IBF世界バンタム級王者の西田凌佑(28=六島)が、WBC世界同級王者の中谷潤人(27=M・T)との王座統一戦で敗れ、ベルトを失った。

6回TKO負け。中谷の「ビッグバン」を西田の「ブラックホール」で吸い込むことはできなかった。所属ジムの枝川孝会長が「(ブラックホールは)光を通さない、(西田は)中谷のパンチも通さない。西田は謎めいてるところもある。西田の世界に入っていくというか、吸い込まれていく」と説明した新ニックネーム通り、破壊力ある中谷を封じるべく戦ったが、届かなかった。

武市晃輔トレーナーが「ここまでの準備すべてにおいて、言い訳できないぐらいやってきた」と口にするまでの調整をこなし、過去最高の状態でリングに上がった。それでも中谷に屈し、無念の敗戦となった。

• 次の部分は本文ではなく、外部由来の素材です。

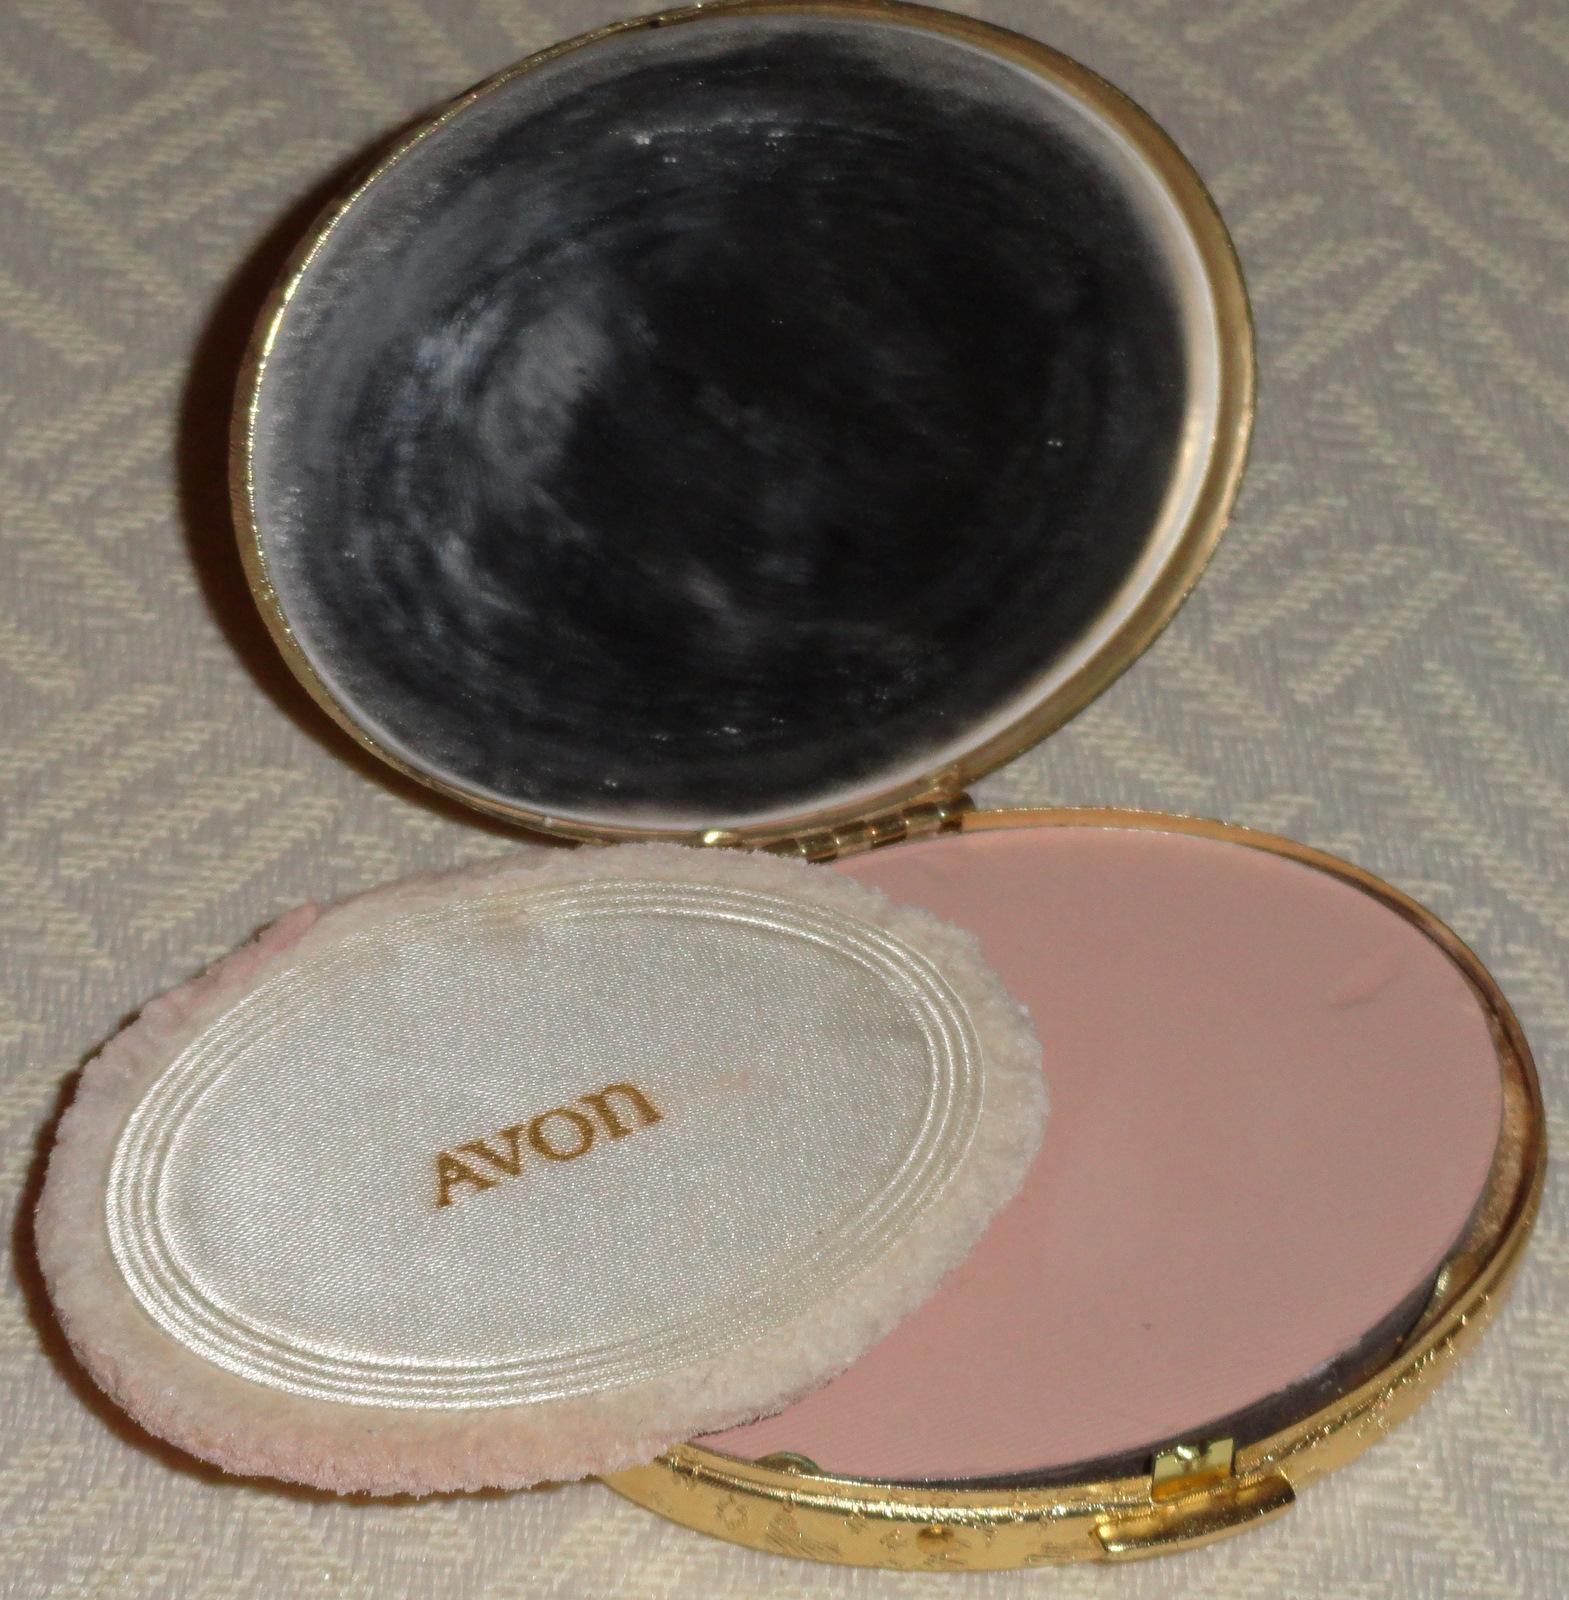 Makeup & Mutts: Vintage Makeup - Powder Keg Compacts
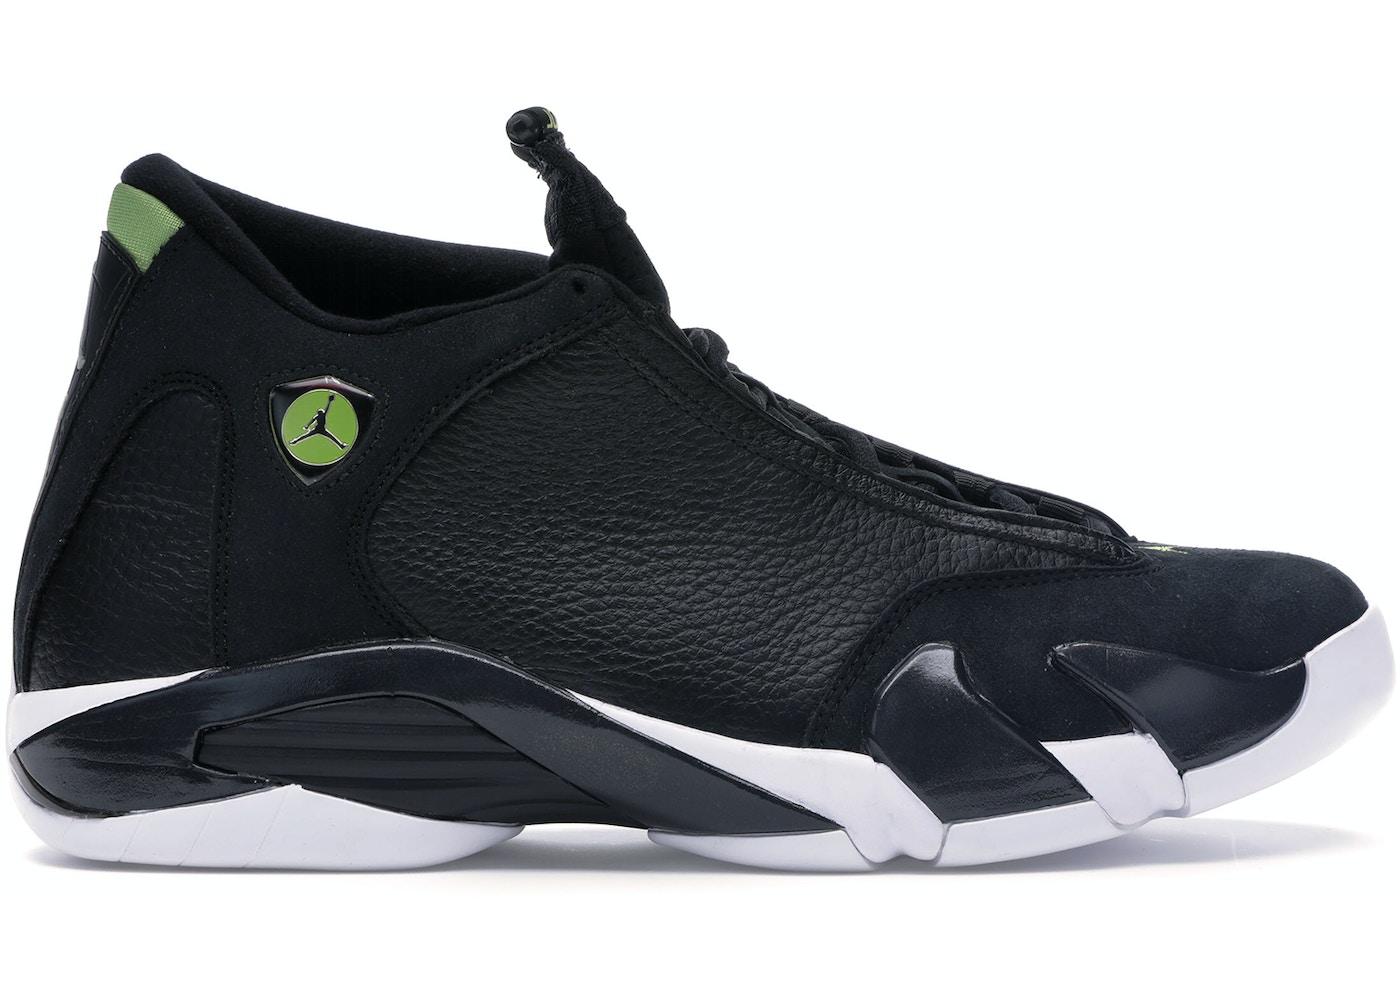 separation shoes 21ae9 30931 Jordan 14 Retro Indiglo (2016)

2団体制覇を目指し、家族とともに戦った。家では近大の同級生で、全日本女子選手権バンタム級3連覇の実績を持つ妻沙捺さんのサポートを受けた。たわいもない会話が癒やしとなるだけでなく、日々の気遣いやリカバリー食にキクラゲ入りおじやを準備するなど伴走。沙捺さんがサウスポーだったことで「今回は結構聞いてます」と意見に耳を傾け、家では連日のように向き合って“仮想中谷”となってもらってイメージを膨らませた。試合には3月で1歳になった長女莉奈ちゃんも応援に駆け付けて家族の力を結集。それでも中谷の壁を破ることはできなかった。

【ラウンドVTR】

1回 中谷は30戦全勝、西田は10戦全勝。サウスポーの全勝王者同士が王座統一戦を迎えた。出だしで中谷が猛攻をしかけた。得意の右アッパーを軸に、左フックを強振。西田はガードをがっちり固めて、カウンターの左ボディーフックをヒットさせる。1回から激しい打ち合いとなった。ニッカン採点は中谷10-9 

2回 西田はガードを高く掲げて、じりじりと前進。相手のパンチをブロックして、左ボディーアッパーを軸に攻める。中谷は左フックを強く振っていく。接近戦で左フックを当て、右アッパーを相手のガードをこじ開けるように、連打を何度も繰り出した。ニッカン採点は中谷10-9

3回 西田は左フックをカウンターでヒットさせて、中谷のクリンチを引き出した。前進しつつ、左ストレートも顔面にヒット。中谷はフックに力を込めるが、ラフになって精度が甘くなる。お互いにボディーも攻め合った。ニッカン採点は西田10-9 

4回 西田はコンパクトで最短距離をいくストレートで中谷の顔面を何度もとらえる。左のカウンターもヒット。西田は接近戦でも細かいパンチを的確にヒット。中谷は強振のフックが多く、ヒットが少ない。ニッカン採点は西田10-9

5回 中谷が左ストレートのクリーンヒットを軸に一気にラッシュに入る。西田のクリンチを振りほどいて、チャンスに一気にたたみかけた。偶然のバッティングで西田の右目上が腫れ上がり、終盤にはドクターのチェックが入った。ニッカン採点は中谷10-9 

6回 中谷はゴングから前に出て攻勢をかける。右フック、左ストレートをヒット。左のワイルドなフックで、西田の右目にガードの上から打撃を加えていく。西田は左ボディーフックで反撃したが、右目上は大きく腫れ上がり、ほぼ目が閉じている状況となった。ニッカン採点は中谷10-9

◆西田凌佑(にしだ・りょうすけ)1996年(平8)8月7日、奈良県香芝市生まれ。中学時代は陸上部で長距離専門。王寺工からボクシングを始め、国体で優勝。近大卒業後は大手パンメーカーに就職も六島ジム武市トレーナーの熱烈勧誘もあり、同ジムに入門。19年10月、タイ・バンコクでプロデビュー。21年4月、元世界王者・比嘉大吾とのWBOアジアパシフィック・バンタム級タイトル戦で金星。同タイトルを3回防衛。昨年5月にIBF世界同級王座を獲得した。身長170センチの左ボクサー。23年3月に全日本女子選手権バンタム級3連覇の元ボクサーで大学の同級生、沙捺(さな)夫人と結婚。24年3月27日に長女が誕生。